There are other “arguments” against the algorithmization of thinking. For example, it is often said that the result of the algorithm is completely and unambiguously determined by the initial data, while the person has “free will”. However, determinism is not a key feature of the algorithm. There are probabilistic and non-deterministic Turing machines, the result of which is ambiguous. However, it has been established that they do not extend the concepts of an algorithm in the sense of the algorithmic solvability of problems. And although some source of chaos may be important for the realization of thinking, this does not refute the idea of algorithmicity. In addition, data coming into the program from the outside world has significant uncertainty.
More interesting is another thing: the mechanical application of a known algorithm for us does not look like a manifestation of mental activity. If we do not know the algorithm for multiplying two numbers "in a column", then multiplying each particular pair of numbers will require intellectual tension for us. But as soon as the algorithm is known, multiplying any two numbers becomes a little intellectual task.

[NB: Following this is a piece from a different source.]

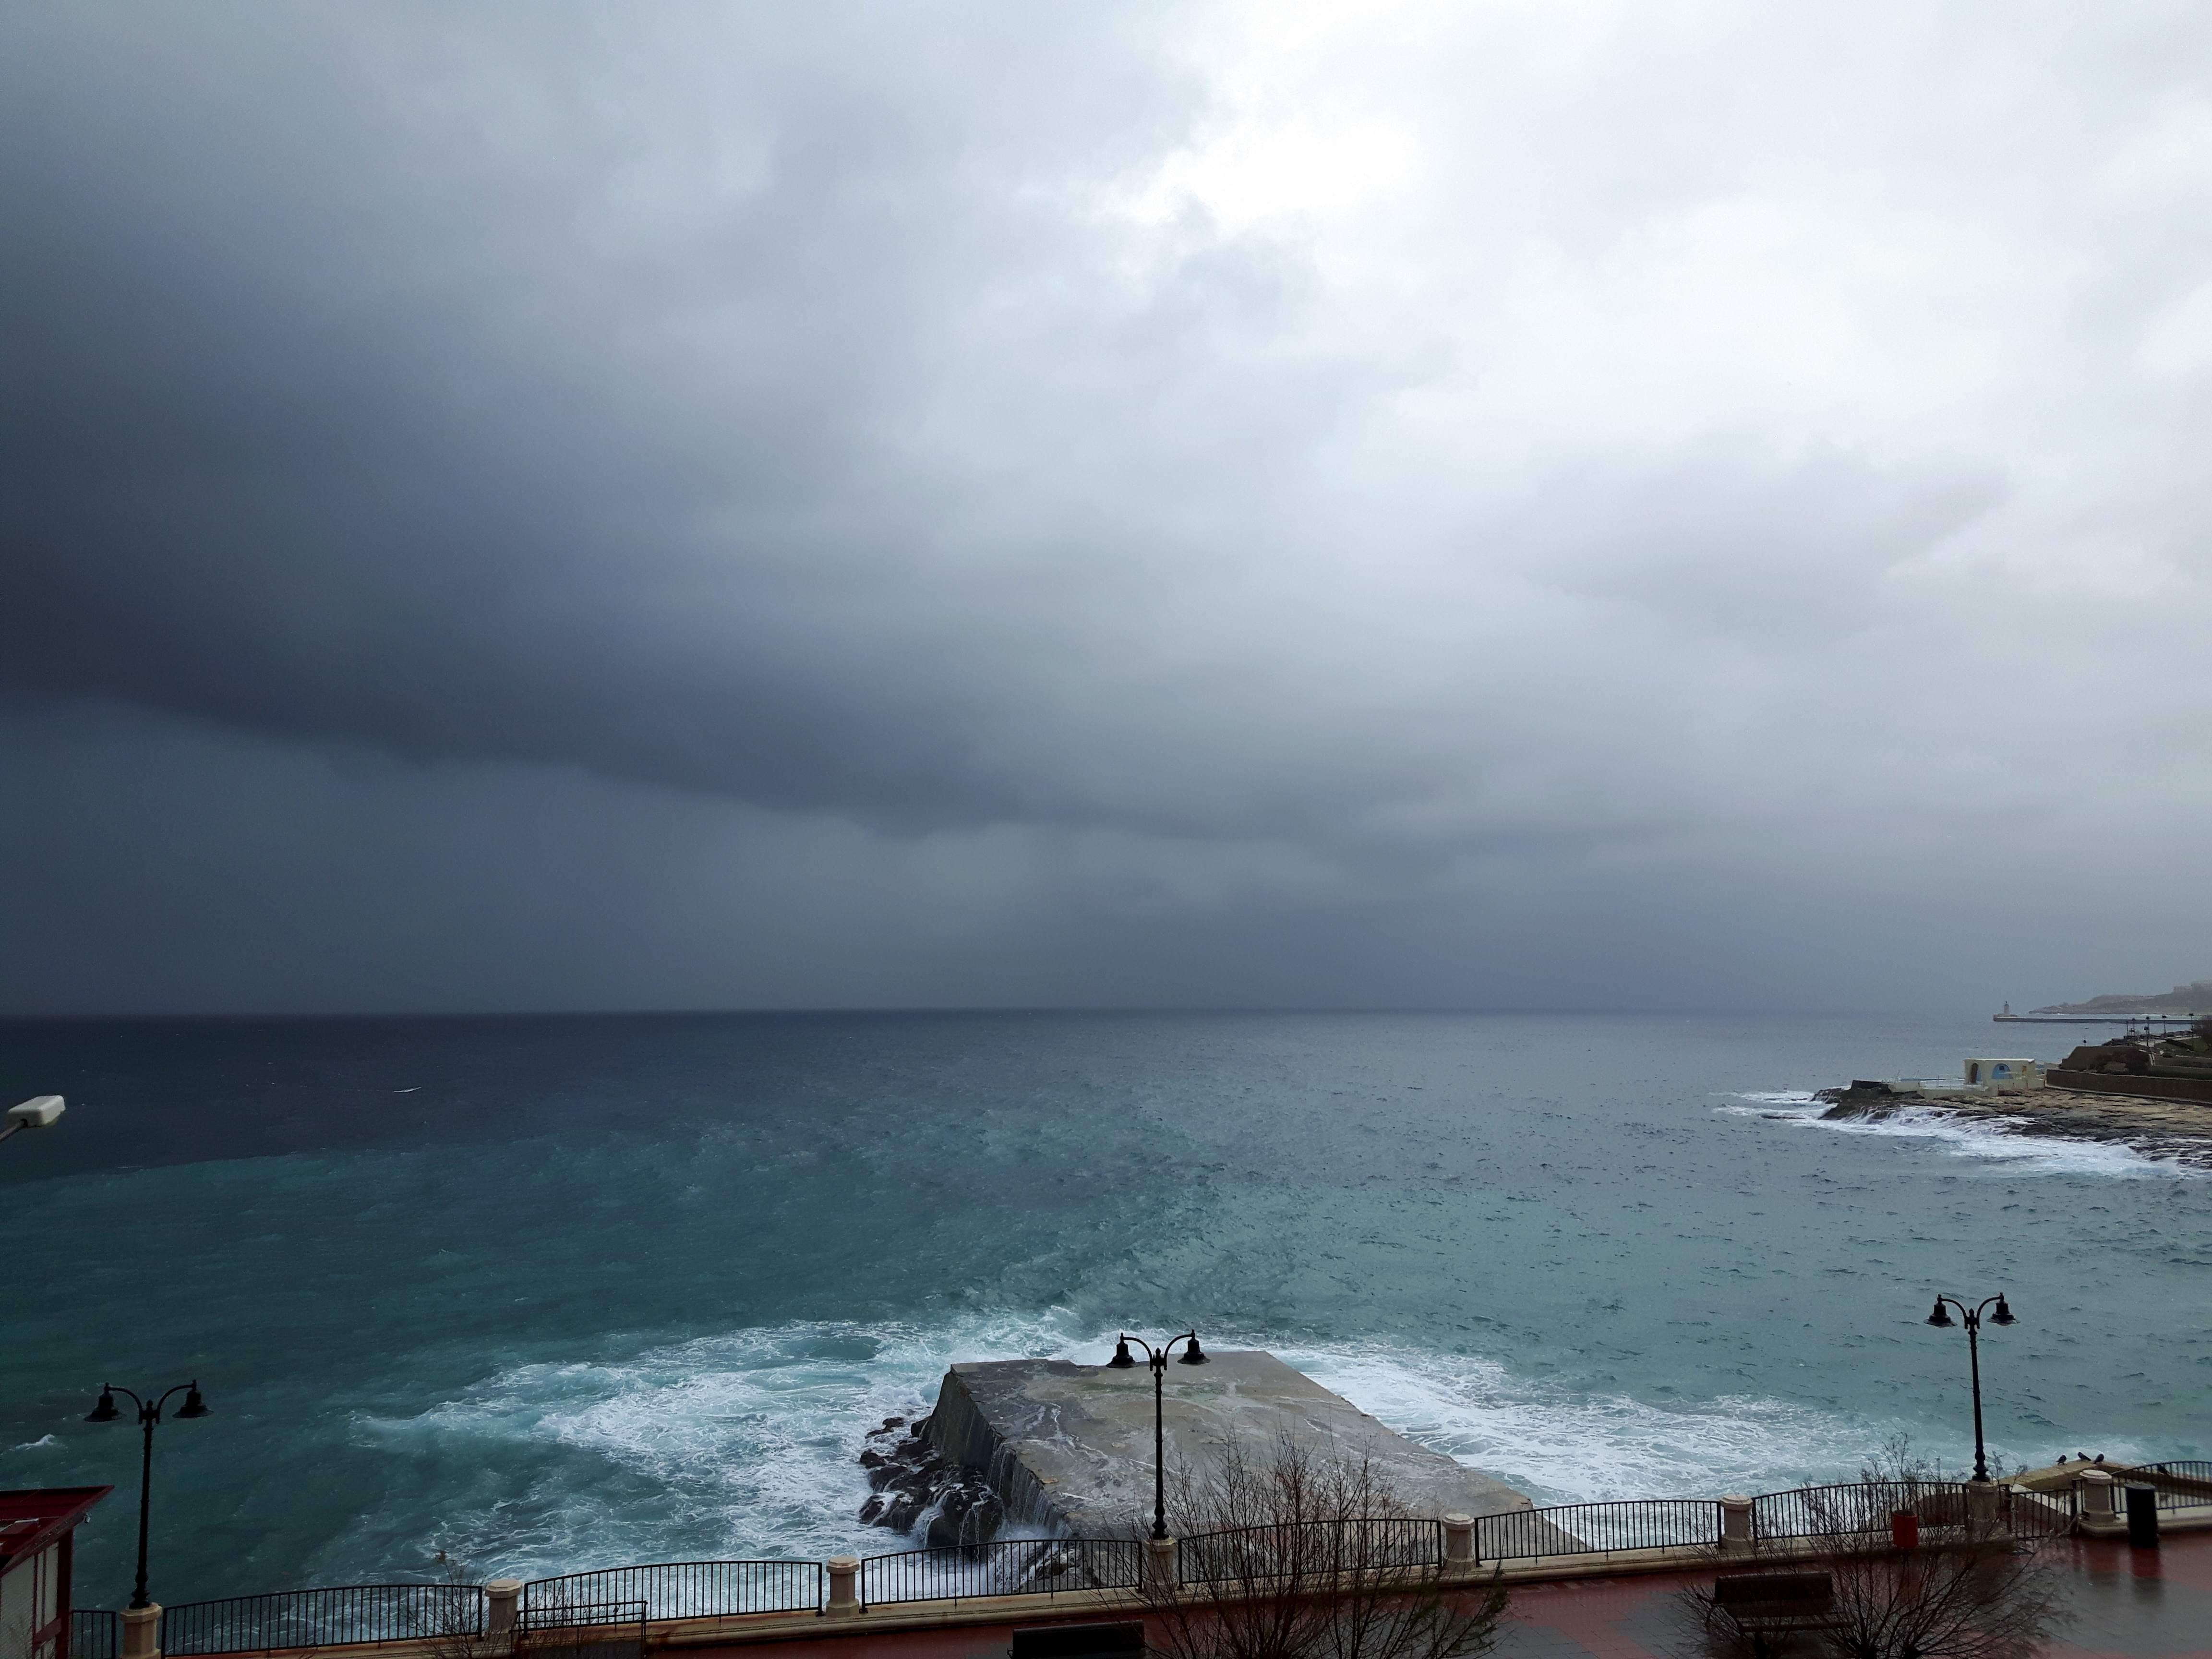 Stormy_Sky_Malta_Europe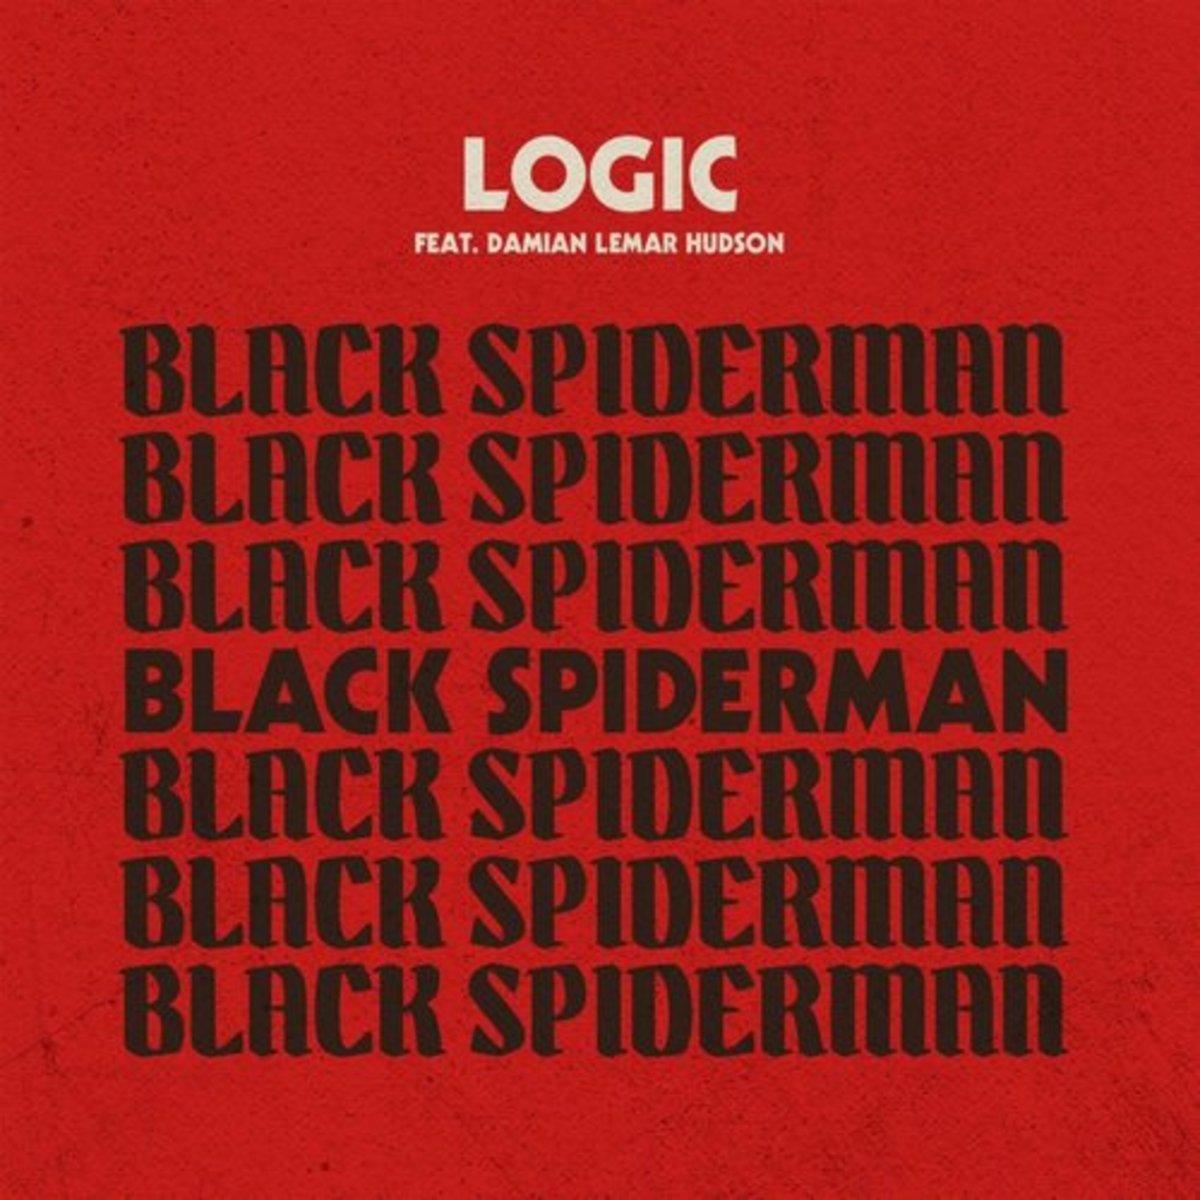 logic-black-spiderman.jpg

Maybe thinking is the process of building new algorithms in cases where the way to solve some mass problem is still unknown?
The search for an algorithm that solves the problem of stopping and a number of other problems is generally not feasible.
But this does not interfere with investigating algorithms for solving these problems under certain natural constraints. Often the search for these constraints is the main part of the solution to the real “insoluble” problem. No wonder they say that the correct formulation of the problem is already half of its solution. Although it is not yet clear how to implement an approximate solution of algorithmically unsolvable problems, at least Godel's theorem does not impose restrictions on the possibility of this.